On Friday, 14 December, 2018 23:49, Frank Millman <fr...@chagford.com> wrote:

> I know that floating point is not precise and not suitable for
> financial uses. 

This is debatable.  In the "old days" of what was called "fast floating point" 
it was certainly true since the epsilon of a "fast floating point" number is 
about 2.2e-08 which meant that representation errors became significant at 
about $1000.0000 assuming that the floating point operations were carried out 
to the maximum epsilon of the representation and with a maximum error of a 
single ULP (and the specifications did not require 1 ULP accuracy, the accuracy 
of the floating point calculations often being up to about 20 to 200 ULP even 
for simple arithmetic).  Add in the propensity for the proletariat to do 
questionable "rounding" of intermediates, and you quite quickly end up with 
huge errors.

Those of us who "cared" about accuracy bought computers with "math 
co-processors" that could perform proper floating point arithmetic in 
accordance with the IEEE-754 standard using "double precision" floating point 
numbers which had an epsilon of 2.22044604925031e-16 and guaranteed the 
accuracy of all arithmetic operations within 1 ULP (or even longer precision 
with the same 1 ULP guarantee).  These little devices would minimally DOUBLE 
the cost of the computer and cut its performance merely in half.

Outside of the scientific and engineering worlds this was little known and the 
MBA types would use inaccurate "fast floating point" and "intermediate 
rounding" to do monetary calculations with the expected result:  the answer was 
not that which what would be obtained via paper and pencil methods.  Due to the 
difficulties inherent in explaining the why and wherefor of this, the general 
proletariat simply summarized as "don't use floating point for money instead 
use paper and pencil methods such as scaled integer (fixed point) or packed BCD 
arithmetic" because it was much easier to remember than the actual reason for 
the difficulty, and generally cheaper (cost wise and compute time wise) than 
using "proper" floating point properly (plus the fact that a degree in 
mathematics and an understanding of how computers worked was not required, 
significantly reducing the cost of implementation).

Fast forward 25 years and you would these days be hard pressed to find a 
computer that DOES NOT use proper IEEE-754 floating point and that DOES NOT 
default to a minimum of double precision representation and that DOES NOT use 
extended precision internally to ensure that the 1 ULP guarantee is ensured.  
However, the memory of the proletariat is long:  Even though the original issue 
leading to the quaint "do not use floating point for money" aphorism no longer 
exists the problem of knowing "why this was so" still exists.  And the 
propensity to apply intermediate rounding still exists.

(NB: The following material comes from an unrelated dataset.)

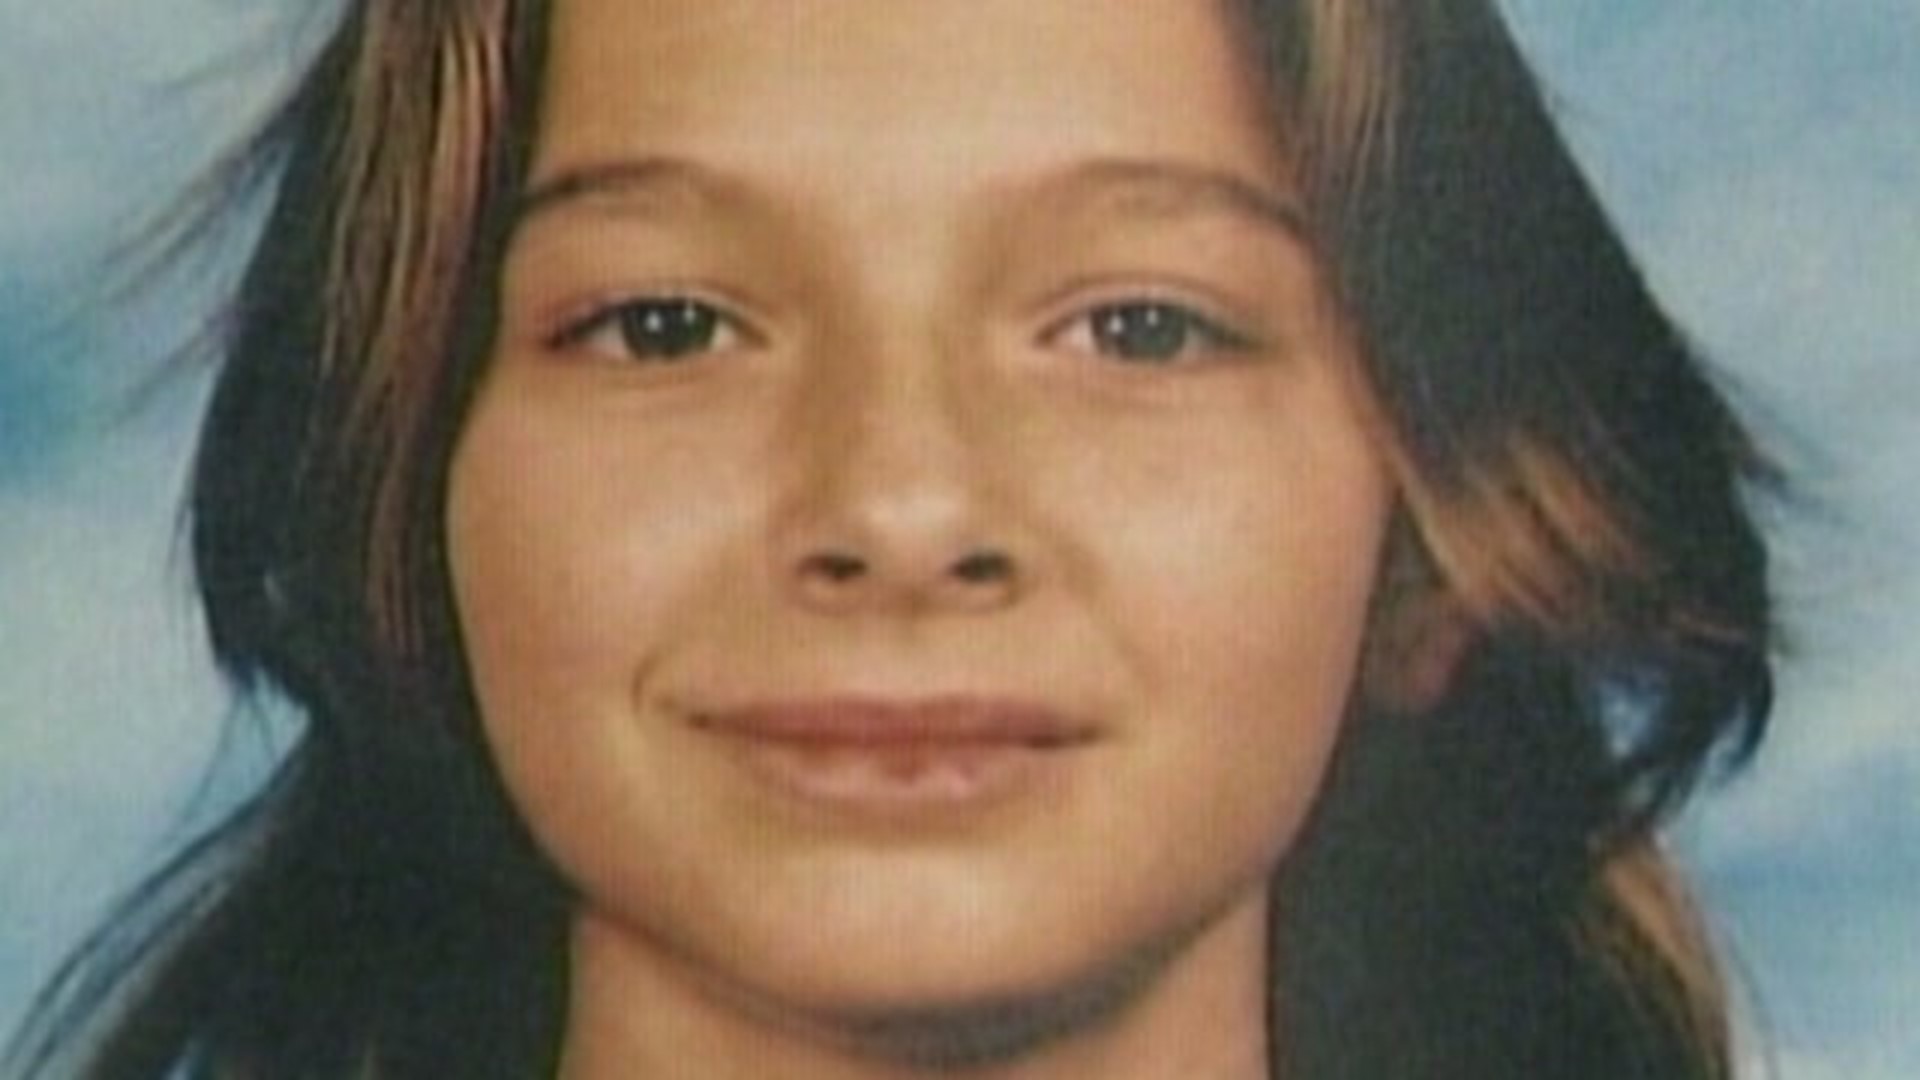 Friends need answers in Trudy Appleby disappearance
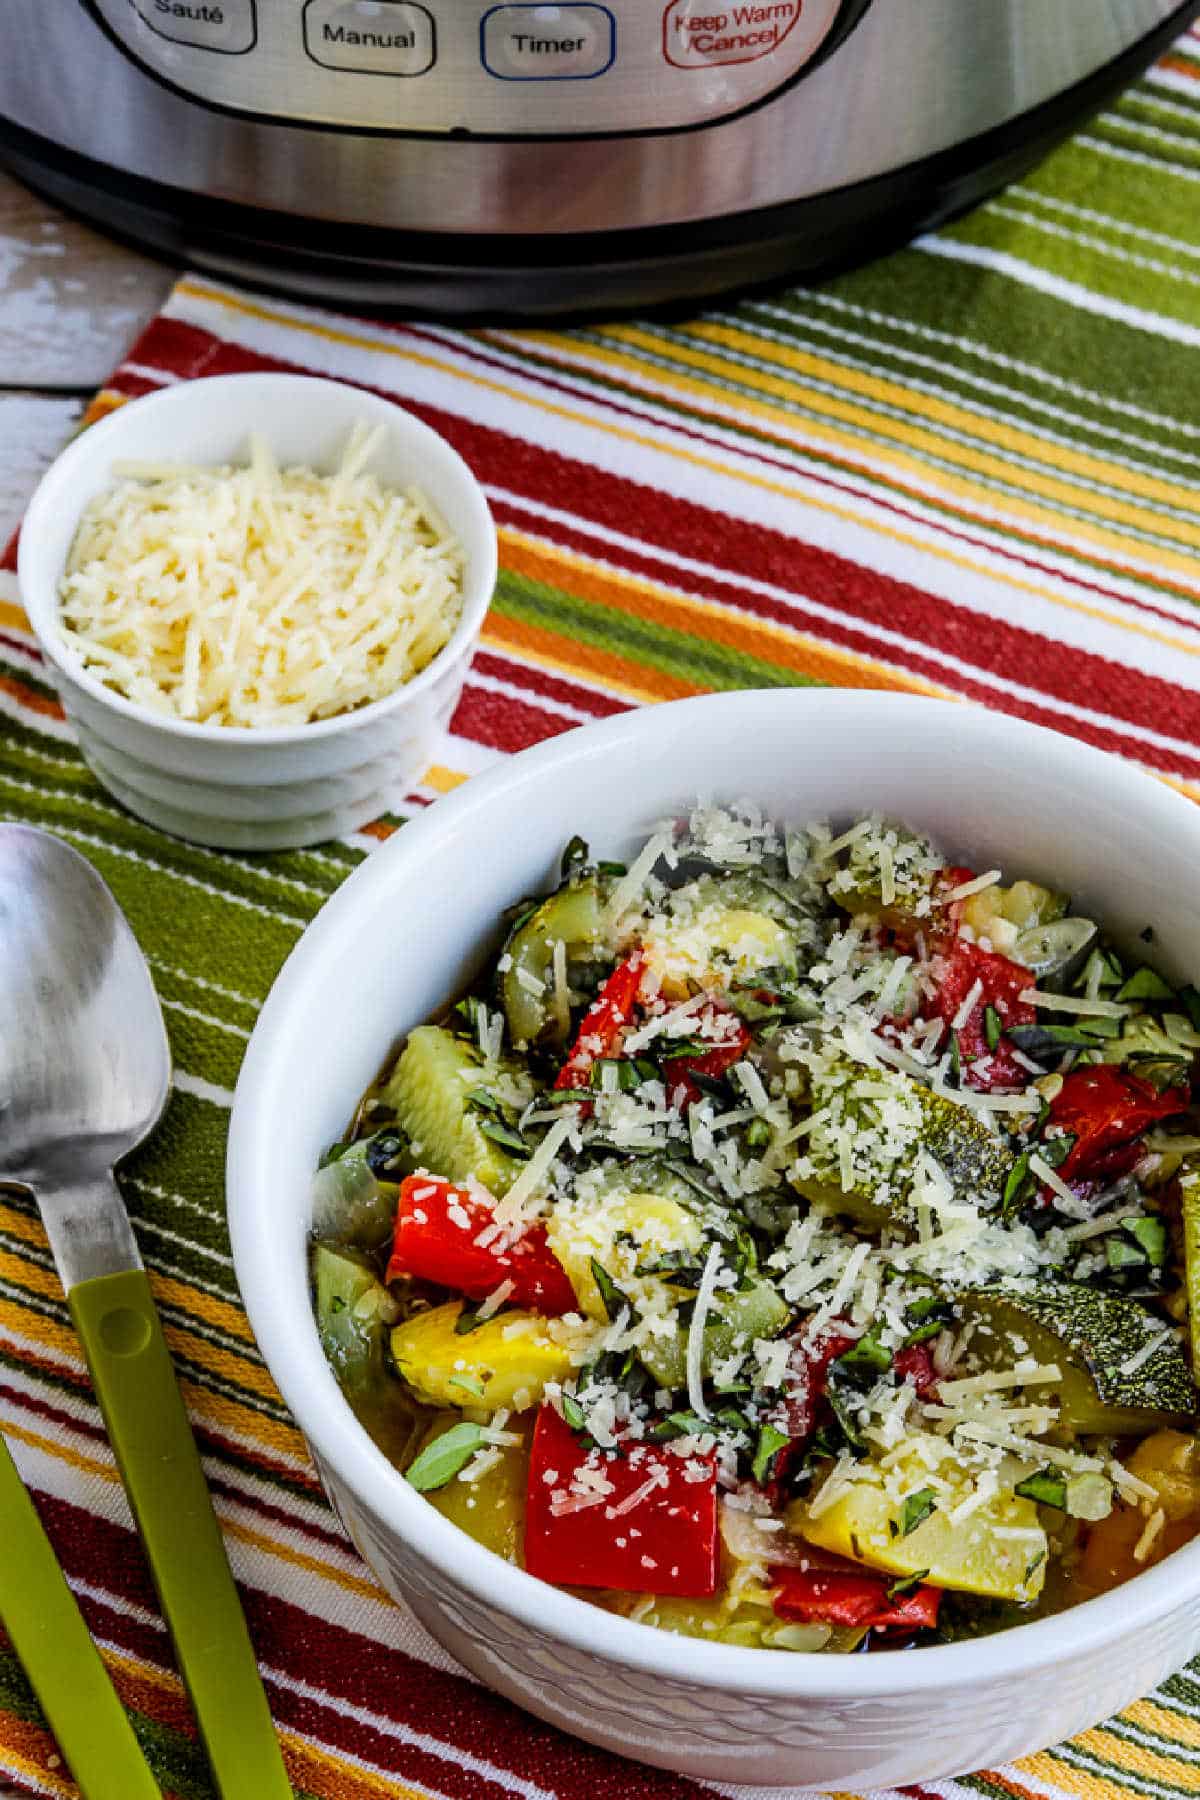 Instant Pot Ratatouille shown on serving bowl with Instant Pot in background

> Even so, I am curious about the following -

>SQLite version 3.26.0 2018-12-01 12:34:55
>Enter ".help" for usage hints.
>Connected to a transient in-memory database.
>Use ".open FILENAME" to reopen on a persistent database.
>sqlite> .open /sqlite_db/ccc
>sqlite> select sum(amount_cust) from ar_trans where cust_row_id = 4
>and tran_date between '2015-05-01' and '2015-05-31';
>211496.26

>Python 3.7.0 (v3.7.0:1bf9cc5093, Jun 27 2018, 04:59:51) [MSC v.1914
>64 bit (AMD64)] on win32
>Type "help", "copyright", "credits" or "license" for more
>information.
>>>> import sqlite3
>>>> sqlite3.sqlite_version
>'3.26.0'
>>>> conn = sqlite3.connect('/sqlite_db/ccc')
>>>> cur = conn.cursor()
>>>> cur.execute("select sum(amount_cust) from ar_trans where
>cust_row_id = 4 and tran_date between '2015-05-01' and '2015-05-31'")
><sqlite3.Cursor object at 0x000002C1D6BBCF80>
>>>> cur.fetchone()
>(211496.25999999992,)

>With the same version of sqlite3 and the same select statement, why
>does python return a different result from sqlite3.exe?

They do not.  The value is the same.  The SQLite3 shell is simply applying some 
type of "rounding for display" which is using different rules than the 
"rounding for display" that is being used by the Python interpreter.  

Neither is the "actual value" but is a base-10 aproximate representation of the 
base-2 number.

Given that the number is an IEEE-754 double precision floating point number 
with a 53 bit mantissa, Python is displaying the number rounded to 17 digits of 
base-10 decimal precision, and the SQLite3 interpreter is "rounding out" the 
result to 8 digits of base-10 decimal precision.

---
The fact that there's a Highway to Hell but only a Stairway to Heaven says a 
lot about anticipated traffic volume.